• Items from a data source:
--------------------------------
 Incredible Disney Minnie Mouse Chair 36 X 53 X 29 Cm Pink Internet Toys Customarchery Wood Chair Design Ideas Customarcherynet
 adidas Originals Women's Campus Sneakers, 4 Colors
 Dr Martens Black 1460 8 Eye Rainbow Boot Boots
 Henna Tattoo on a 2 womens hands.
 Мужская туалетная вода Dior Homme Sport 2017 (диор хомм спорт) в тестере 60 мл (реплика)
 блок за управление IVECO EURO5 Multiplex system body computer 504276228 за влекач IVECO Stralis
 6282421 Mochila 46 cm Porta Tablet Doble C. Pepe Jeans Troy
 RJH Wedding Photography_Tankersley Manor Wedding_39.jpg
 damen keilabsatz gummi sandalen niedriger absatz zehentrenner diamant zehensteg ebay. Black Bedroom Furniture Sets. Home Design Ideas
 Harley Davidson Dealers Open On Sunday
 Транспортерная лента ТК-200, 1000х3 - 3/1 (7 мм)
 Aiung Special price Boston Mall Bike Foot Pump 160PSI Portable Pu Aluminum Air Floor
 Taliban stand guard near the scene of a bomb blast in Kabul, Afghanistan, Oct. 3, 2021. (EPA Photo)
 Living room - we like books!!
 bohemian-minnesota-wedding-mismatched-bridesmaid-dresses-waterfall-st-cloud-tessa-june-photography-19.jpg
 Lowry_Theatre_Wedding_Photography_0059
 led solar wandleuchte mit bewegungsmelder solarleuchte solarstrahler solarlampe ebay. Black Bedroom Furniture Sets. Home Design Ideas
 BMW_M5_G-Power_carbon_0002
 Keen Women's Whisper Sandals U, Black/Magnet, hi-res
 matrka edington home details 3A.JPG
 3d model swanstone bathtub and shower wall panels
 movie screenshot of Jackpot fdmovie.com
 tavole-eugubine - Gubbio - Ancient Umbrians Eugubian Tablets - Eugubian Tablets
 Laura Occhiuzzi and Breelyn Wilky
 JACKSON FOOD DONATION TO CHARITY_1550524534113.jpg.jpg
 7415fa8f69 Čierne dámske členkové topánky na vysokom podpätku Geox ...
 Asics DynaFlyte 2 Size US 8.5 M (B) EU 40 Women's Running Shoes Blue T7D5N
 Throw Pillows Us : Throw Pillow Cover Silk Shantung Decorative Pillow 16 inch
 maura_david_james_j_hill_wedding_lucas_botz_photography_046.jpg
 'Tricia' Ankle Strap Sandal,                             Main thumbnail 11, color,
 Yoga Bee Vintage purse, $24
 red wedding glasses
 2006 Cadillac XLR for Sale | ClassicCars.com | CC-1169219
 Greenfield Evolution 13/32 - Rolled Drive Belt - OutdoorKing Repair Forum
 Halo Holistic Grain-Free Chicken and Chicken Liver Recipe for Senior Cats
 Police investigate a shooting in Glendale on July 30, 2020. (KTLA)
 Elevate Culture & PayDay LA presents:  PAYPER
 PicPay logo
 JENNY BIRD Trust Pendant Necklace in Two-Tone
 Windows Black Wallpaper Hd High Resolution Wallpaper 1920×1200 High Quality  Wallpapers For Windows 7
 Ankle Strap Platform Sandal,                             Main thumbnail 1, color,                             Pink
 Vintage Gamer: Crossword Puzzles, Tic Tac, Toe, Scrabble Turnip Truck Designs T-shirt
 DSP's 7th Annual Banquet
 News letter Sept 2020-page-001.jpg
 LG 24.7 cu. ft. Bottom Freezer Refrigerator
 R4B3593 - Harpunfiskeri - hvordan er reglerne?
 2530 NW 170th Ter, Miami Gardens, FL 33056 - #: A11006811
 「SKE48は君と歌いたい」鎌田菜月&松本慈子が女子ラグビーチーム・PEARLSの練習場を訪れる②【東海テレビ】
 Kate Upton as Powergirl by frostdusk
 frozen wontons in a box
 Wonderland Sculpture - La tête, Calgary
--------------------------------
• Your objective:
Please retype, without any change, the line containing "frozen wontons in a box" and every line after it to the end of the entries above, and only those.

• Written solution:
 frozen wontons in a box
 Wonderland Sculpture - La tête, Calgary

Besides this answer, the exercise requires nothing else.